"""
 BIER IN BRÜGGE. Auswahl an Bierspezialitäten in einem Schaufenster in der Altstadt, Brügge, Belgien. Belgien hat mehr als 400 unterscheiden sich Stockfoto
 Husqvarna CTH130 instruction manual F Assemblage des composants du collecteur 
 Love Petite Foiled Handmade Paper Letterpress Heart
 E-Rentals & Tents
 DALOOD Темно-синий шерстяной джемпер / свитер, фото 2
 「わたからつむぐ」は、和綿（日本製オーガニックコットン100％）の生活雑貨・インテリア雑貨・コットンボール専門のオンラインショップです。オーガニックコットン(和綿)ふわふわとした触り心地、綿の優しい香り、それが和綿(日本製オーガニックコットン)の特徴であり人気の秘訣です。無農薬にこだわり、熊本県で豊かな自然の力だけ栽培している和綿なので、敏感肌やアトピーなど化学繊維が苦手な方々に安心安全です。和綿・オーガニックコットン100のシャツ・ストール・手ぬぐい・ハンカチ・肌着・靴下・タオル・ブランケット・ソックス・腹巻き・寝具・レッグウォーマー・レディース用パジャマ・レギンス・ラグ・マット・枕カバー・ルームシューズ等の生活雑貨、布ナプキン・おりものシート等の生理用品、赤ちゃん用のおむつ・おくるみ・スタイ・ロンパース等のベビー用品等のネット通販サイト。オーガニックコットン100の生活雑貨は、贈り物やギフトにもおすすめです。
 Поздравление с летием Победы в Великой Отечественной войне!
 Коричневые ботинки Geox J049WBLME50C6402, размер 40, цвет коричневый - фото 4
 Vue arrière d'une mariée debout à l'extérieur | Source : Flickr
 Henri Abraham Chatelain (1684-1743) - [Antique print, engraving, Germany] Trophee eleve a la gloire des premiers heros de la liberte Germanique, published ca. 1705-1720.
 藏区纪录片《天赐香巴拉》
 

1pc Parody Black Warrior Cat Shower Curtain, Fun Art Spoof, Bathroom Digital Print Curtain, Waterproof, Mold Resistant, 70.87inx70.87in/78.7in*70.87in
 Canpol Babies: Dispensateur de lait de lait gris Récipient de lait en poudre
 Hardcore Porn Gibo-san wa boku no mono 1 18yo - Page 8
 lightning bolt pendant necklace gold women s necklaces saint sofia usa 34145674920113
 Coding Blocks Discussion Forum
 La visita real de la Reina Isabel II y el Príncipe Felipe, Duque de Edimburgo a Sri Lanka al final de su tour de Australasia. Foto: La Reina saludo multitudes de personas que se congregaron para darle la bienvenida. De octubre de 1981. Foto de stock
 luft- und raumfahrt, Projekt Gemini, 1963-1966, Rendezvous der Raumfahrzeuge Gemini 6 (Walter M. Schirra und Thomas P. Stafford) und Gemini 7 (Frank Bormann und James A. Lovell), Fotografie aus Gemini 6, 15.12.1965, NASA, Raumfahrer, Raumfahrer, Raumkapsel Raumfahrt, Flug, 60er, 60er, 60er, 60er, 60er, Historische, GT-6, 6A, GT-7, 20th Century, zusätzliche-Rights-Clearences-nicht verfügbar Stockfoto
"""
## TASK TO CARRY OUT
What is needed is an exact copy of the entries above, from the first line through the line holding "Coding Blocks Discussion Forum", with both of those lines kept; please give nothing else.

## OUTPUT OF THE EXERCISE
 BIER IN BRÜGGE. Auswahl an Bierspezialitäten in einem Schaufenster in der Altstadt, Brügge, Belgien. Belgien hat mehr als 400 unterscheiden sich Stockfoto
 Husqvarna CTH130 instruction manual F Assemblage des composants du collecteur 
 Love Petite Foiled Handmade Paper Letterpress Heart
 E-Rentals & Tents
 DALOOD Темно-синий шерстяной джемпер / свитер, фото 2
 「わたからつむぐ」は、和綿（日本製オーガニックコットン100％）の生活雑貨・インテリア雑貨・コットンボール専門のオンラインショップです。オーガニックコットン(和綿)ふわふわとした触り心地、綿の優しい香り、それが和綿(日本製オーガニックコットン)の特徴であり人気の秘訣です。無農薬にこだわり、熊本県で豊かな自然の力だけ栽培している和綿なので、敏感肌やアトピーなど化学繊維が苦手な方々に安心安全です。和綿・オーガニックコットン100のシャツ・ストール・手ぬぐい・ハンカチ・肌着・靴下・タオル・ブランケット・ソックス・腹巻き・寝具・レッグウォーマー・レディース用パジャマ・レギンス・ラグ・マット・枕カバー・ルームシューズ等の生活雑貨、布ナプキン・おりものシート等の生理用品、赤ちゃん用のおむつ・おくるみ・スタイ・ロンパース等のベビー用品等のネット通販サイト。オーガニックコットン100の生活雑貨は、贈り物やギフトにもおすすめです。
 Поздравление с летием Победы в Великой Отечественной войне!
 Коричневые ботинки Geox J049WBLME50C6402, размер 40, цвет коричневый - фото 4
 Vue arrière d'une mariée debout à l'extérieur | Source : Flickr
 Henri Abraham Chatelain (1684-1743) - [Antique print, engraving, Germany] Trophee eleve a la gloire des premiers heros de la liberte Germanique, published ca. 1705-1720.
 藏区纪录片《天赐香巴拉》
 

1pc Parody Black Warrior Cat Shower Curtain, Fun Art Spoof, Bathroom Digital Print Curtain, Waterproof, Mold Resistant, 70.87inx70.87in/78.7in*70.87in
 Canpol Babies: Dispensateur de lait de lait gris Récipient de lait en poudre
 Hardcore Porn Gibo-san wa boku no mono 1 18yo - Page 8
 lightning bolt pendant necklace gold women s necklaces saint sofia usa 34145674920113
 Coding Blocks Discussion Forum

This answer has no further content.